* THE TASK *
With the pictures left out, write out exactly the lines of the listing below that run from the line with "New York Wild Turkeys" through the line with "Builders Hi Tech".

* RECORD EXCERPTS *
■ ■ ■ ■ ■ ■ ■
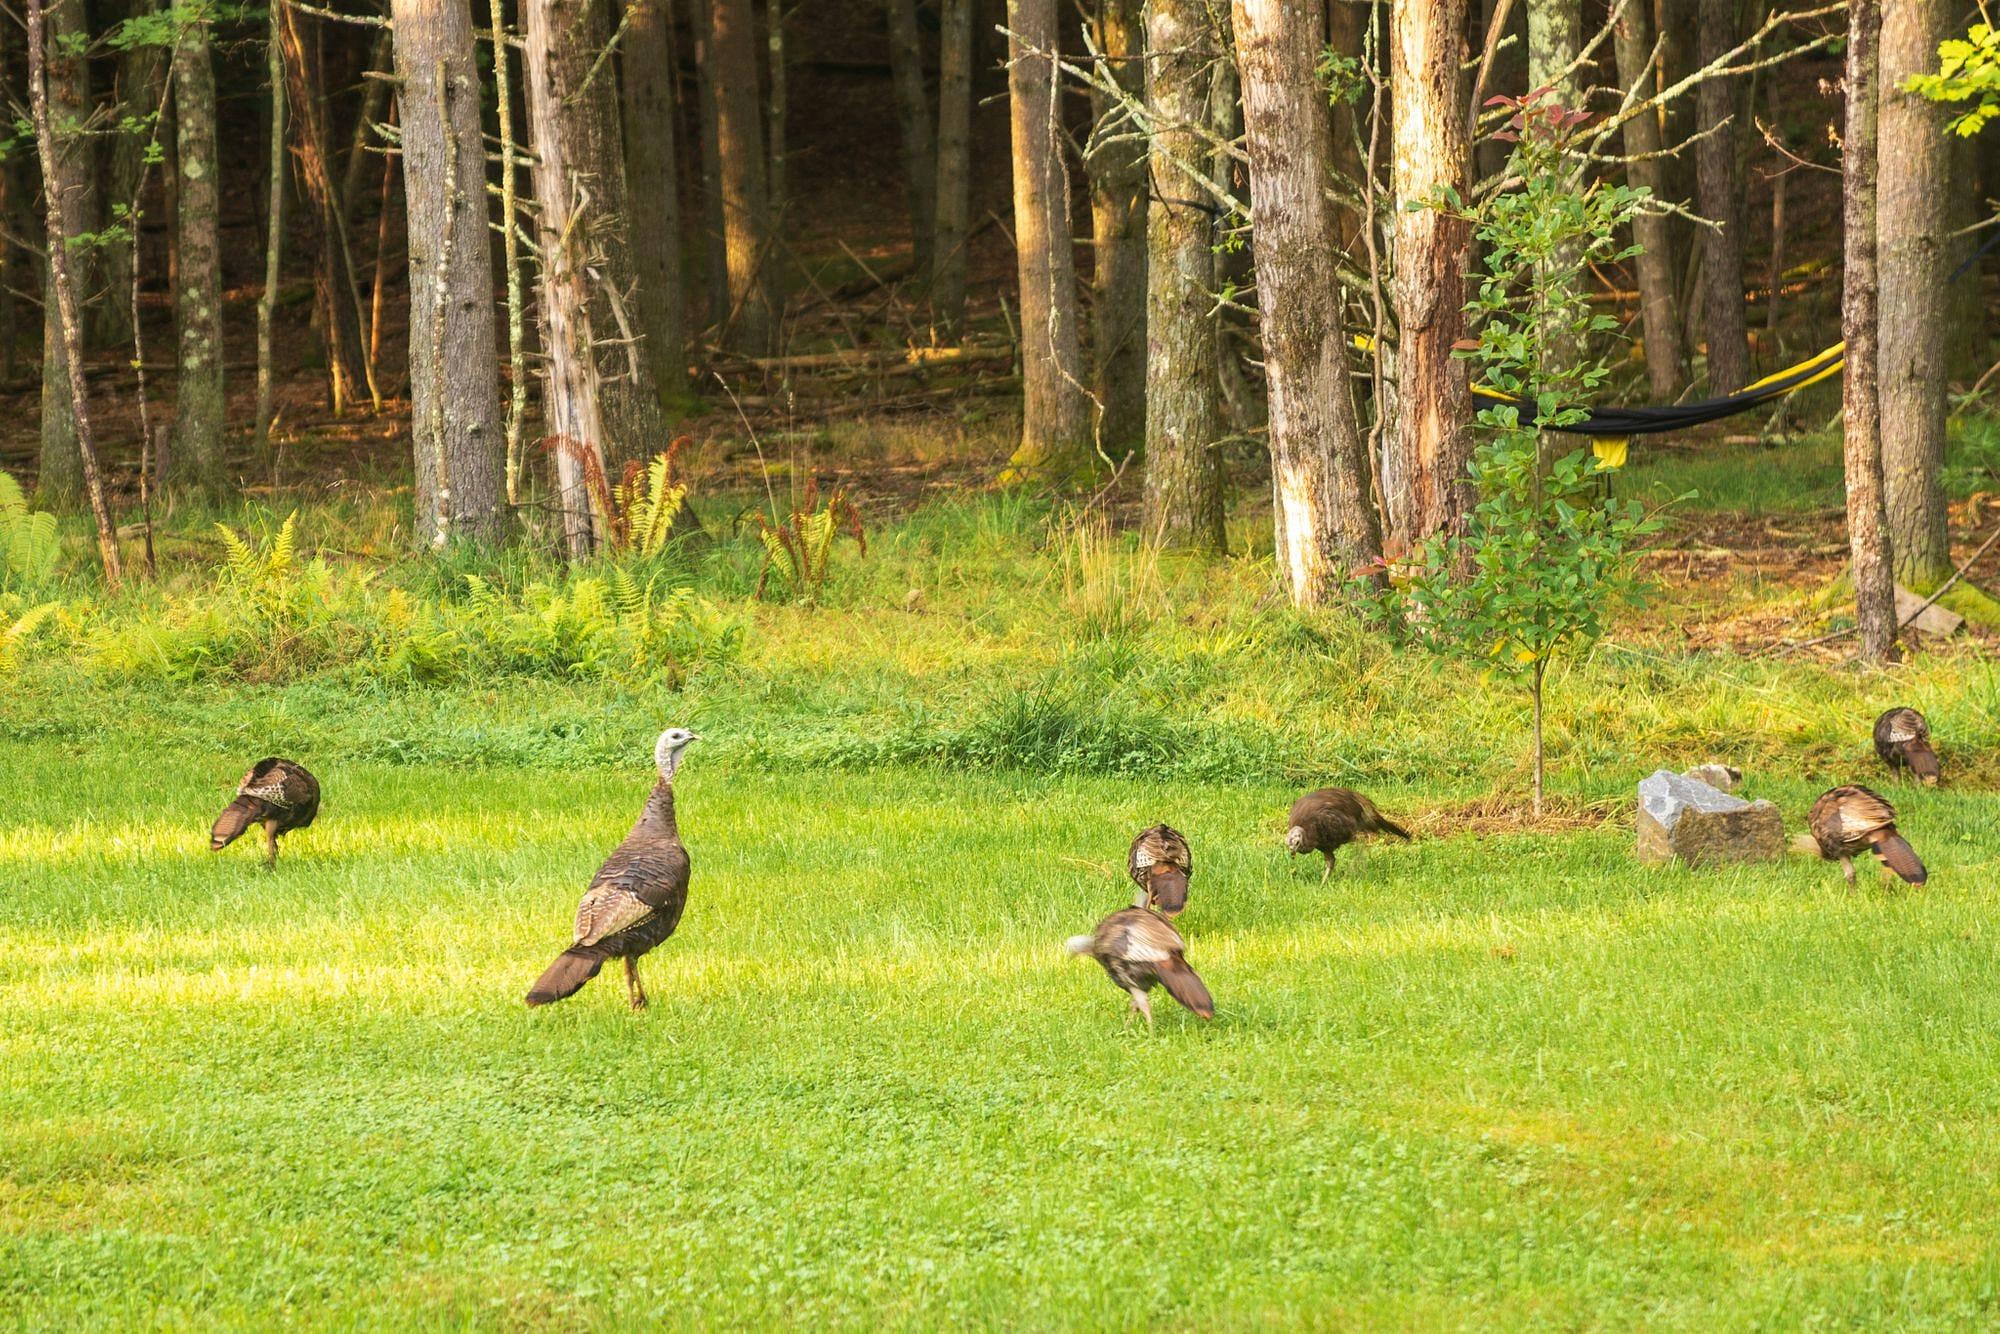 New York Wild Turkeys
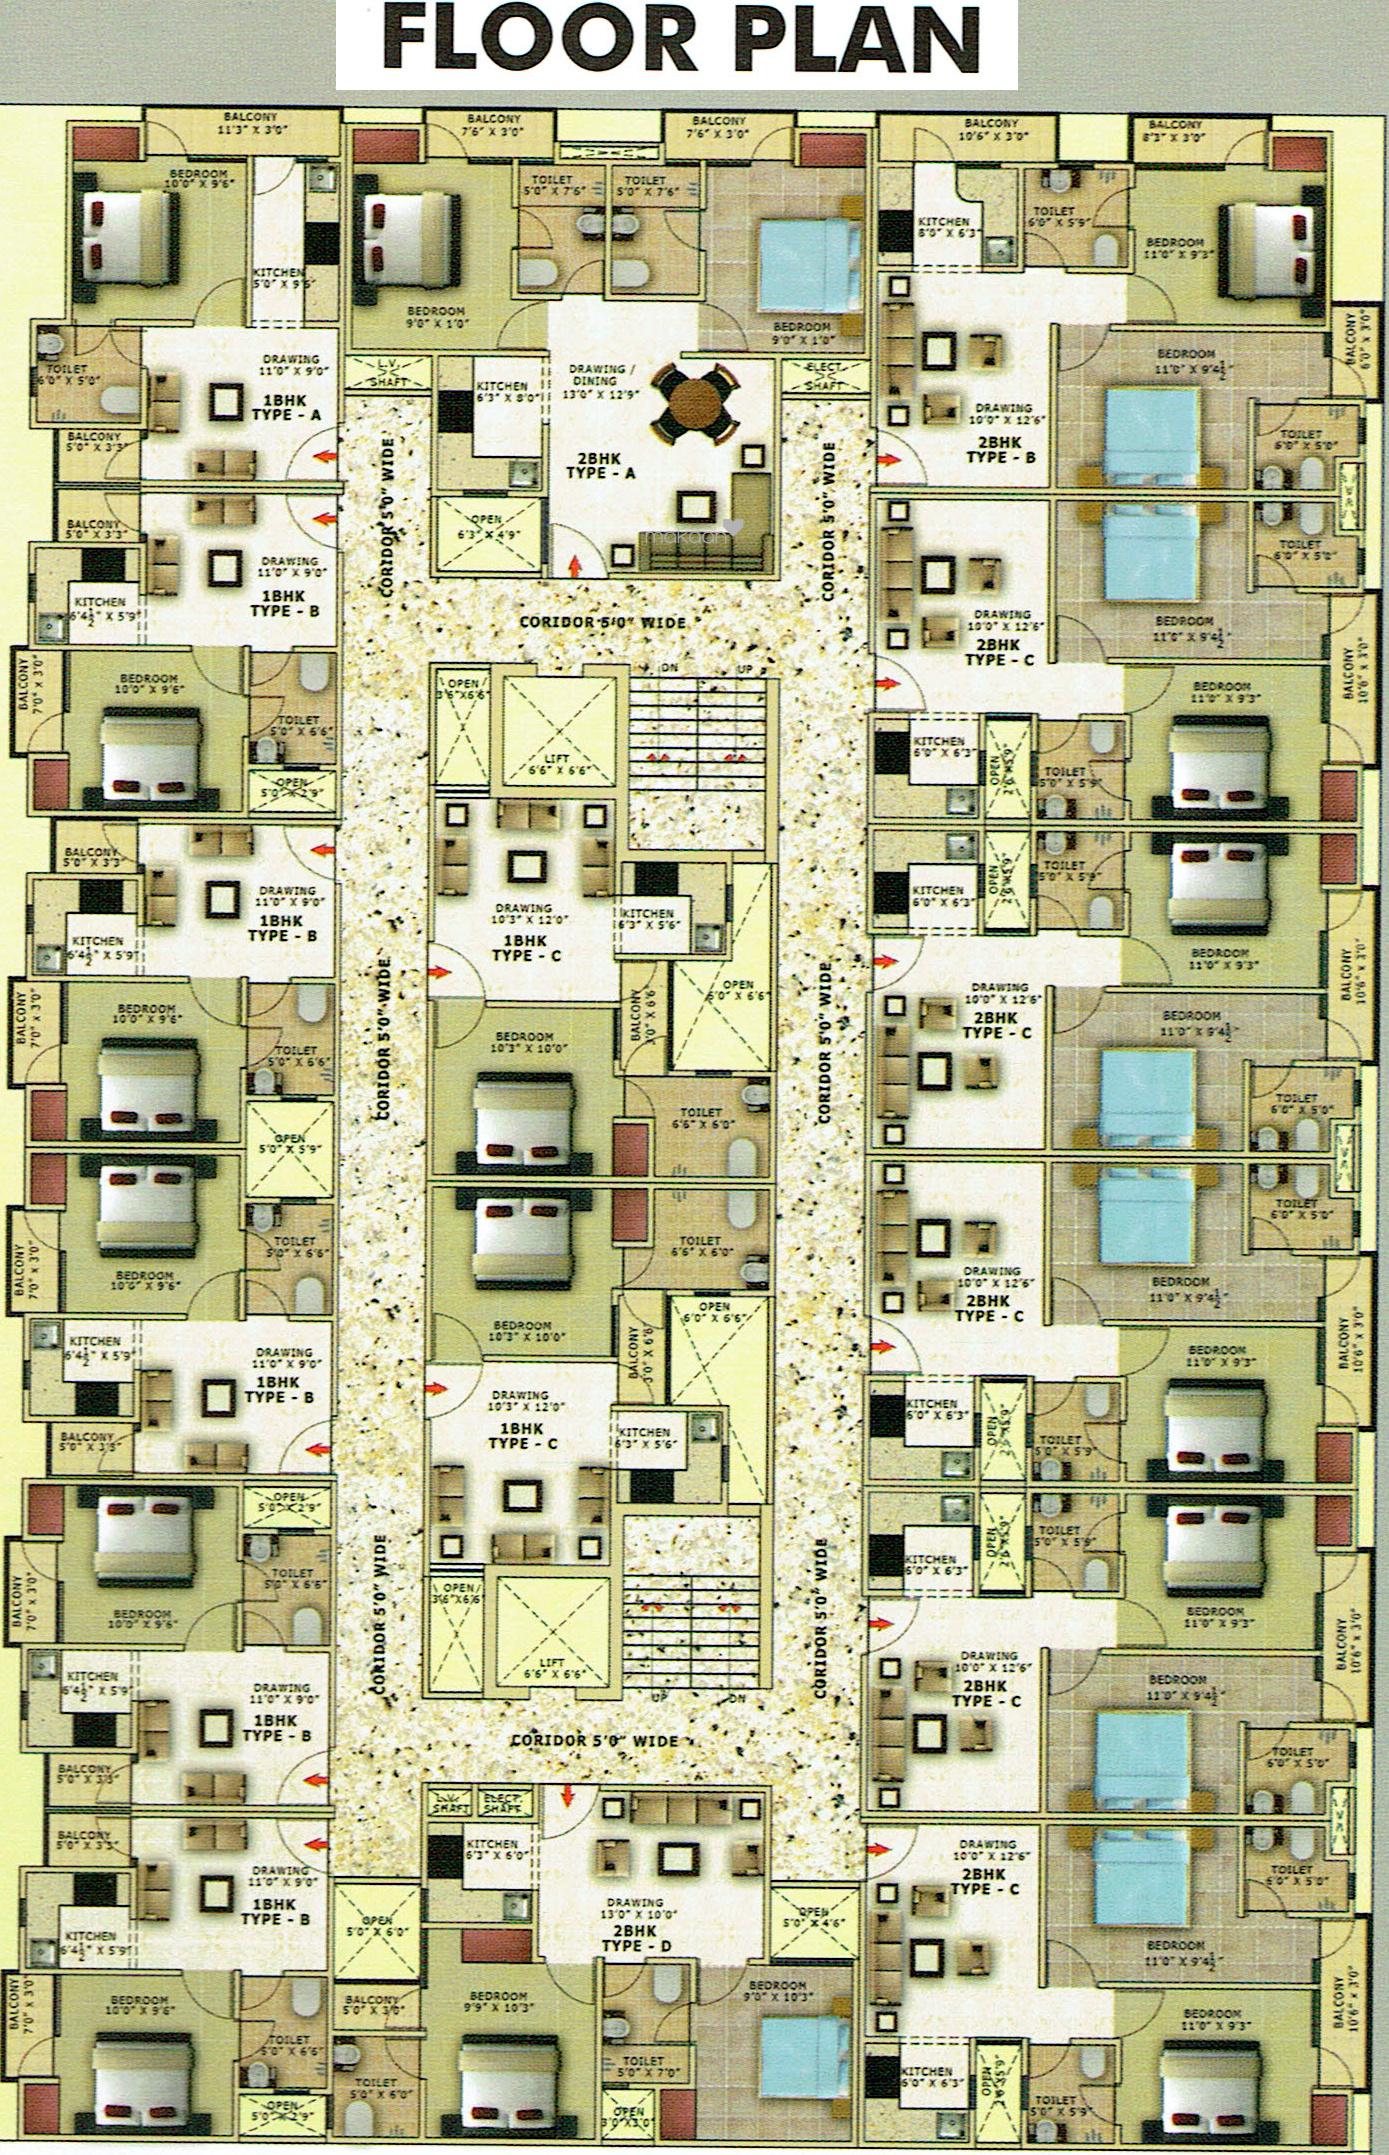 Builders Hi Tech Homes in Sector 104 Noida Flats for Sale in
■ ■ ■ ■ ■ ■ ■
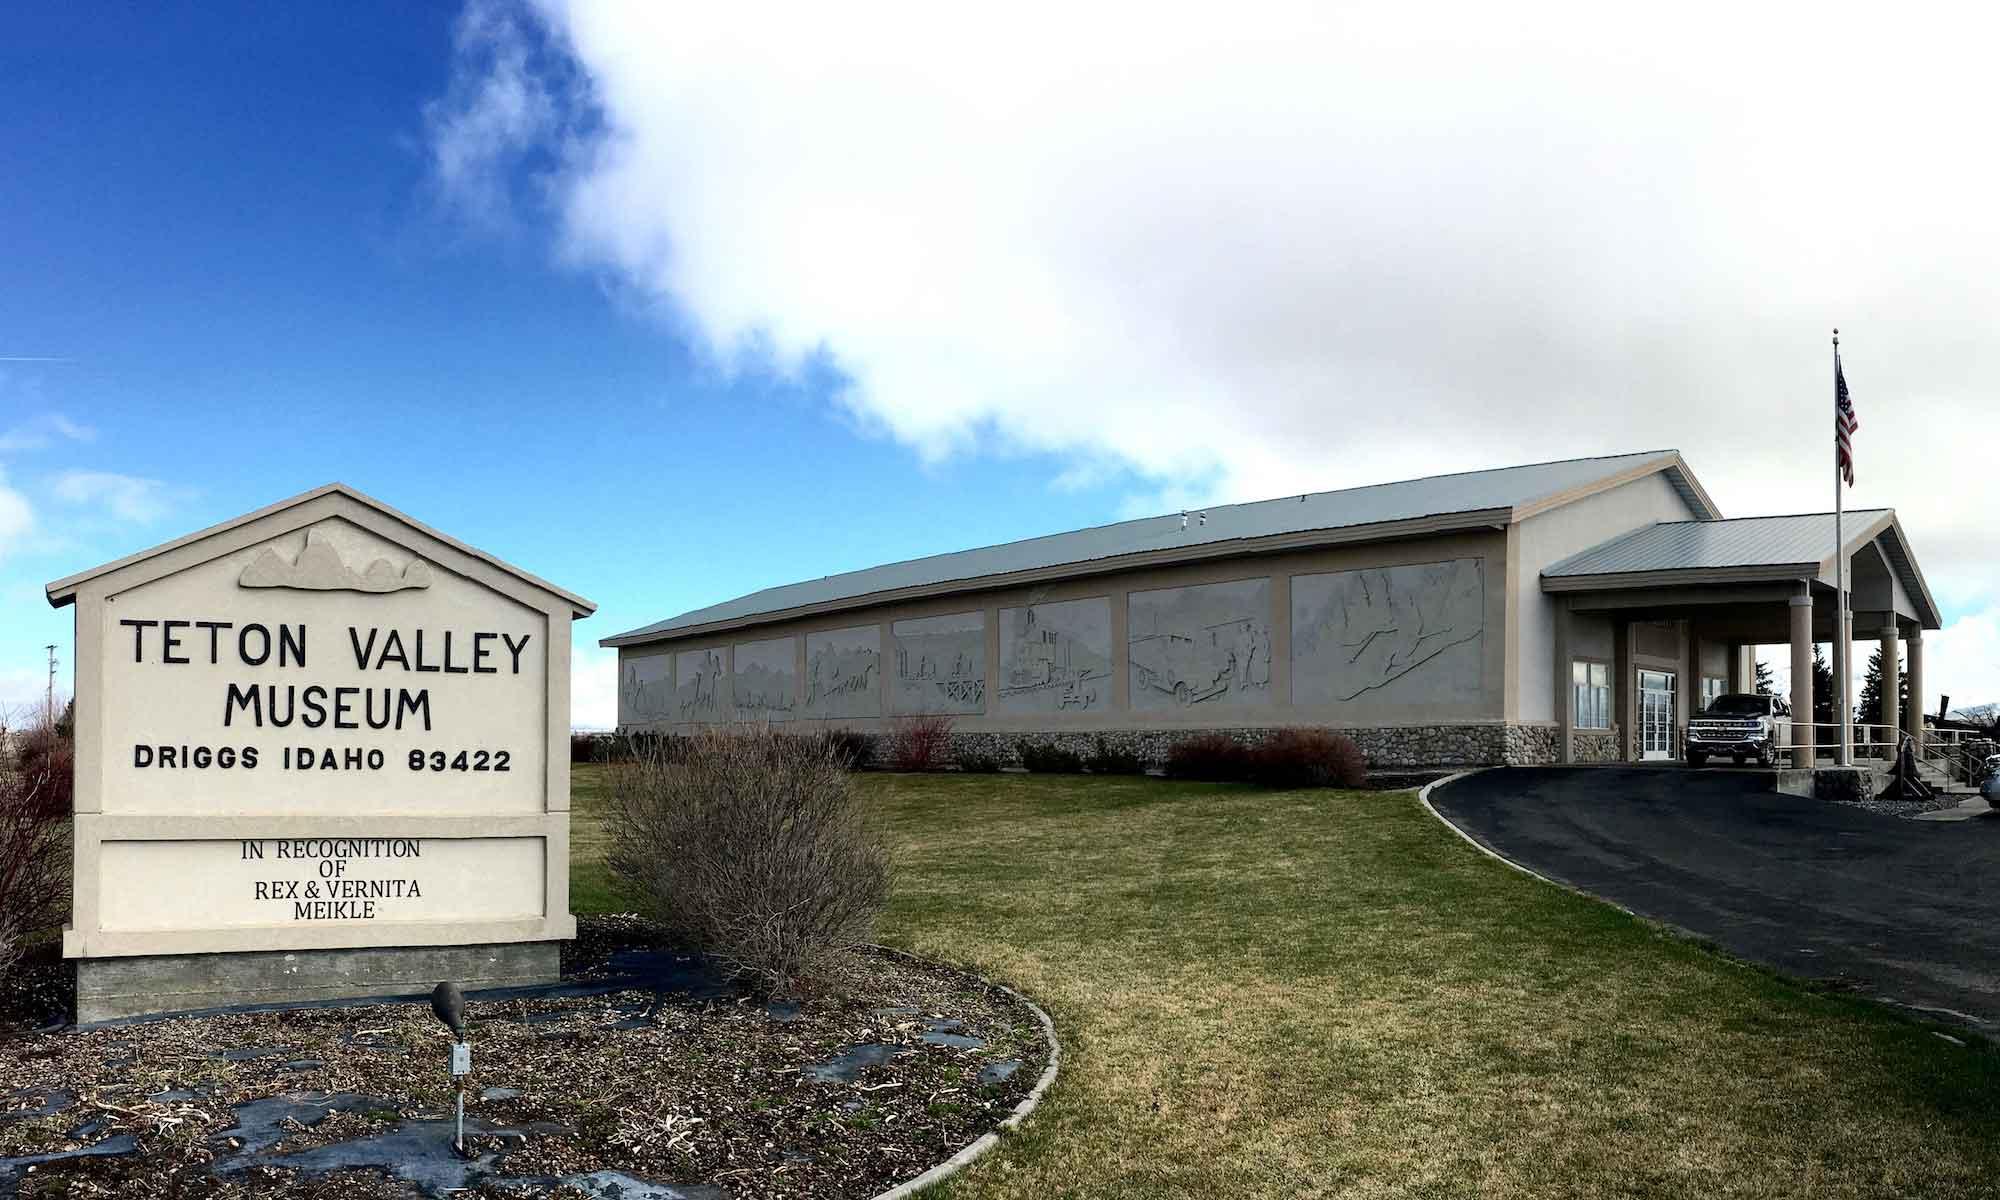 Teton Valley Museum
■ ■ ■ ■ ■ ■ ■
* TASK ANSWER *
 New York Wild Turkeys
 Builders Hi Tech Homes in Sector 104 Noida Flats for Sale in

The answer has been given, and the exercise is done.